# WHAT THIS TASK INVOLVES:
Below is a listing to write out in full, exactly as given, without its pictures.

# DATA SEGMENT:
☆ ☆ ☆

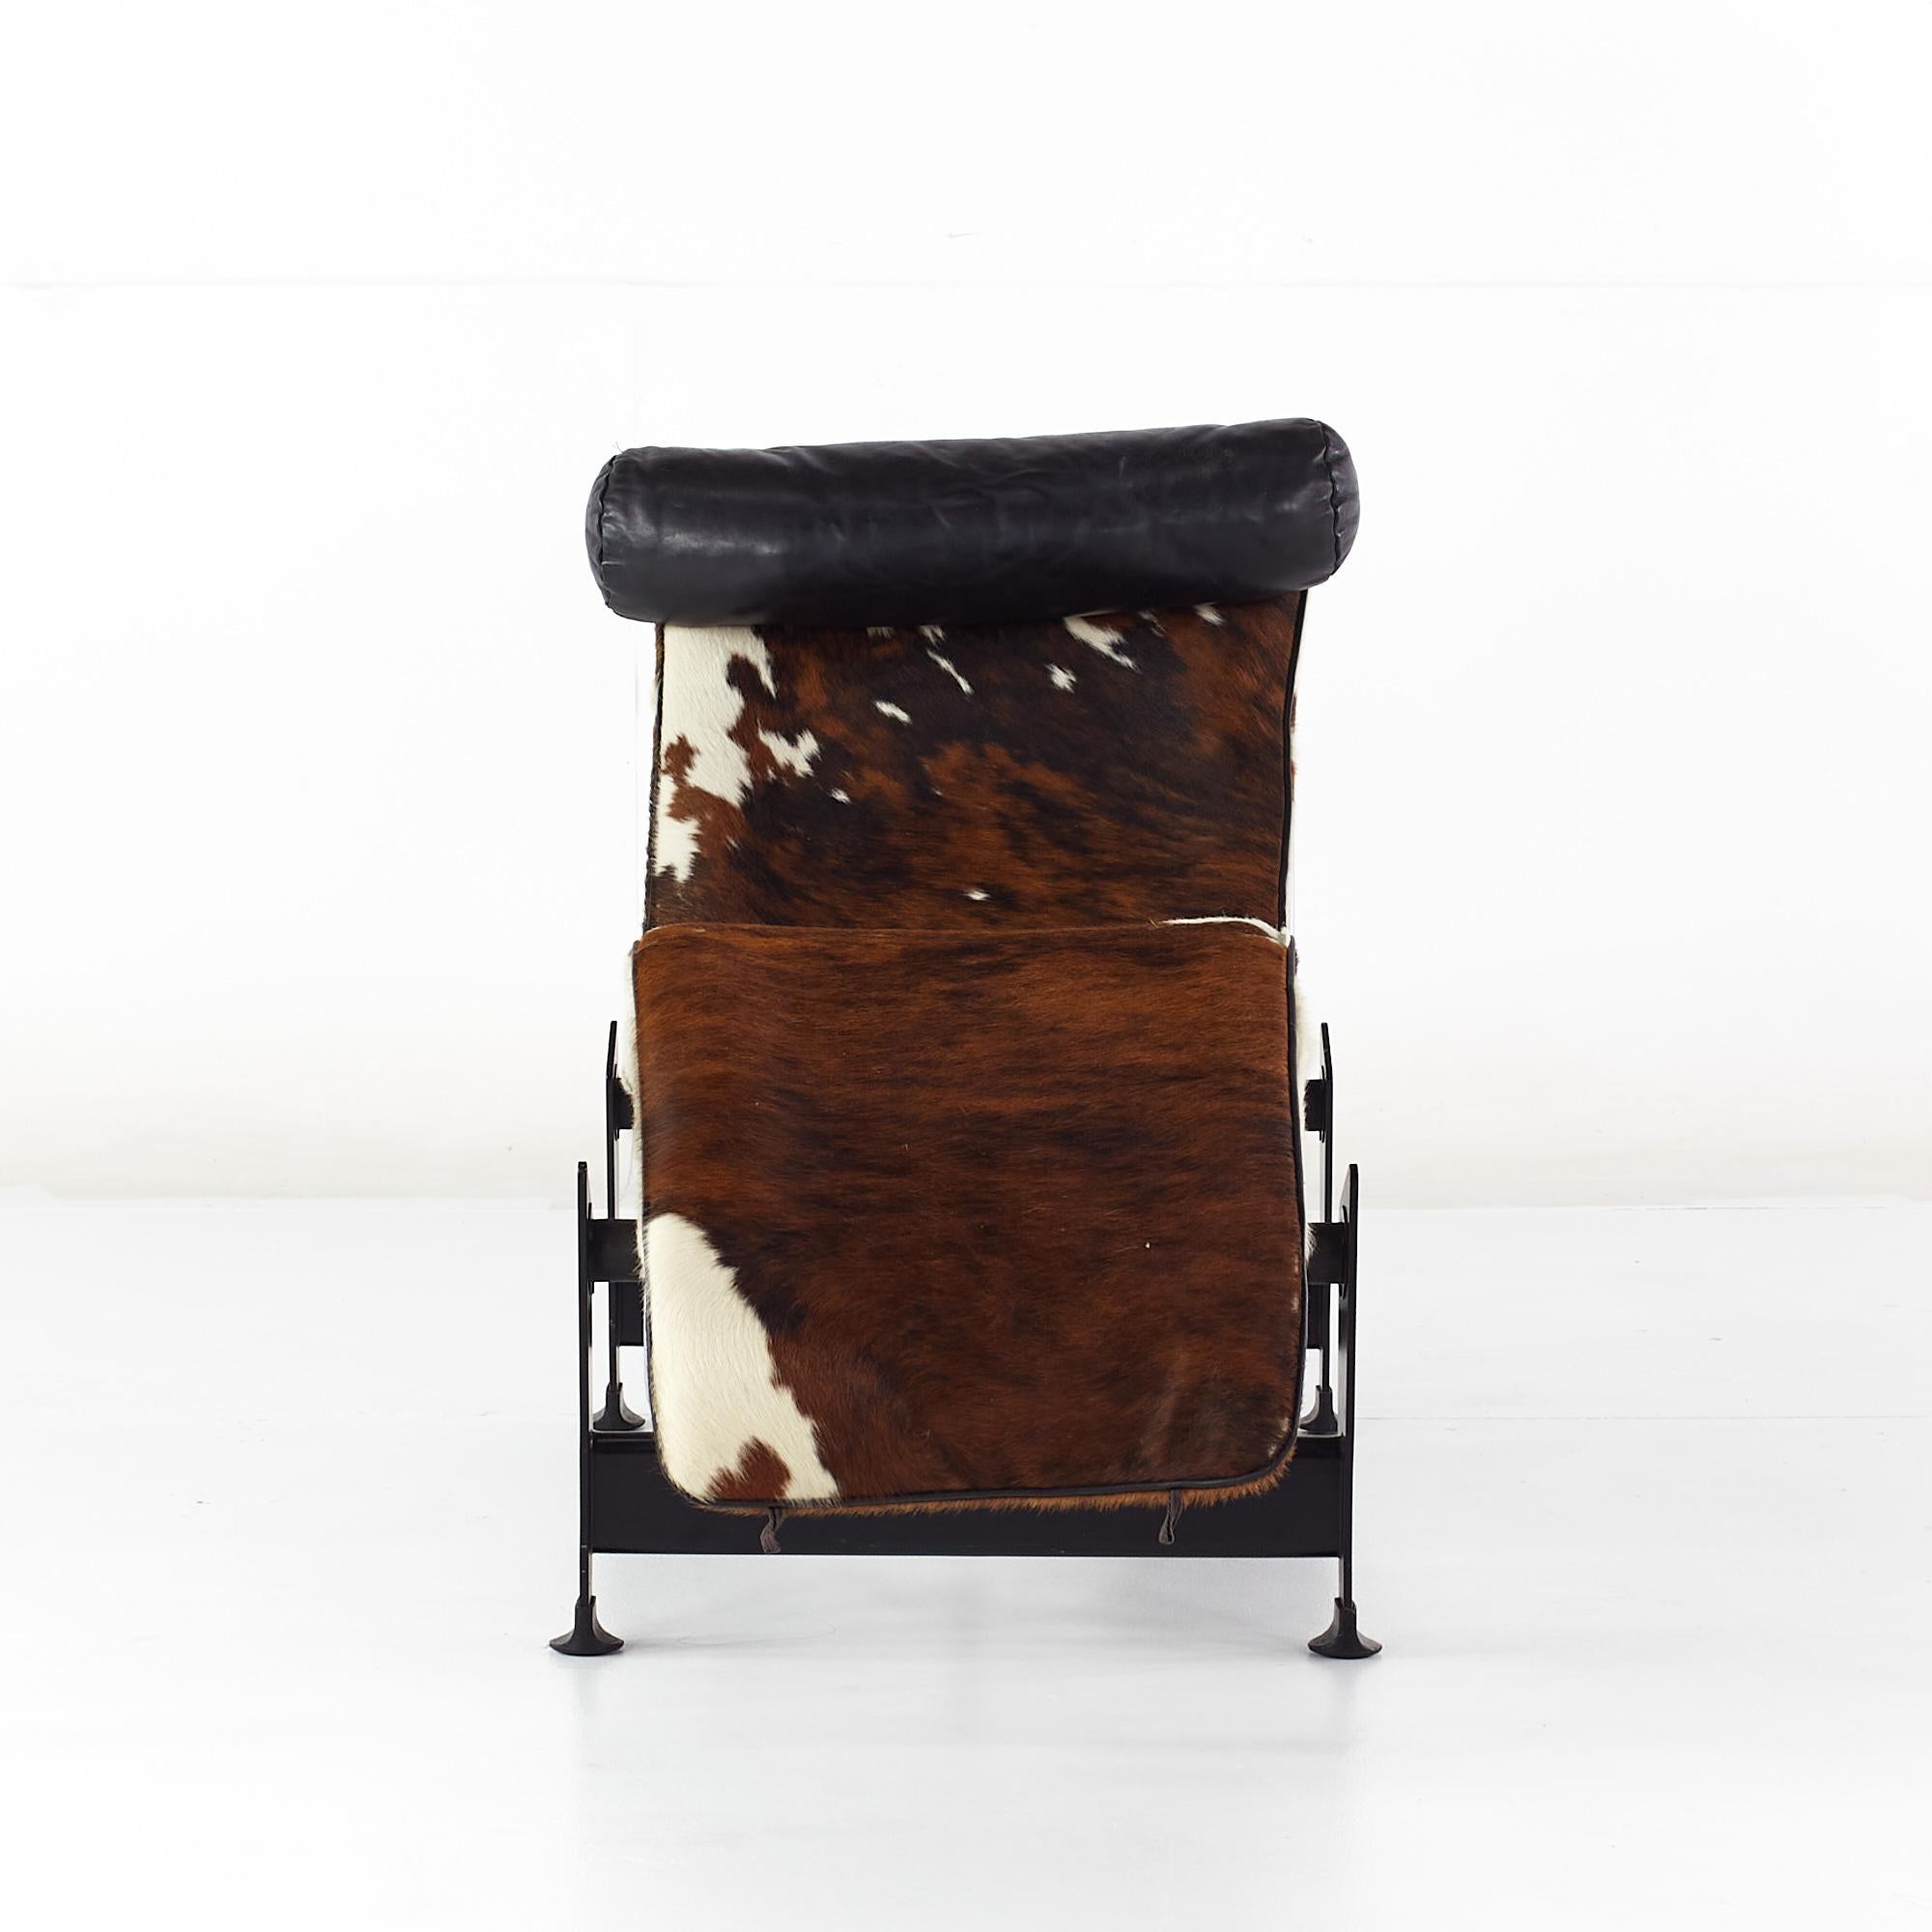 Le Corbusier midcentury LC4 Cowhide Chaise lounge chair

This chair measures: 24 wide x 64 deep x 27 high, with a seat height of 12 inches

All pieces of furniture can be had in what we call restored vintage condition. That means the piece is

☆ ☆ ☆

# RESULT OF THIS TASK:
 Le Corbusier midcentury LC4 Cowhide Chaise lounge chair

This chair measures: 24 wide x 64 deep x 27 high, with a seat height of 12 inches

All pieces of furniture can be had in what we call restored vintage condition. That means the piece is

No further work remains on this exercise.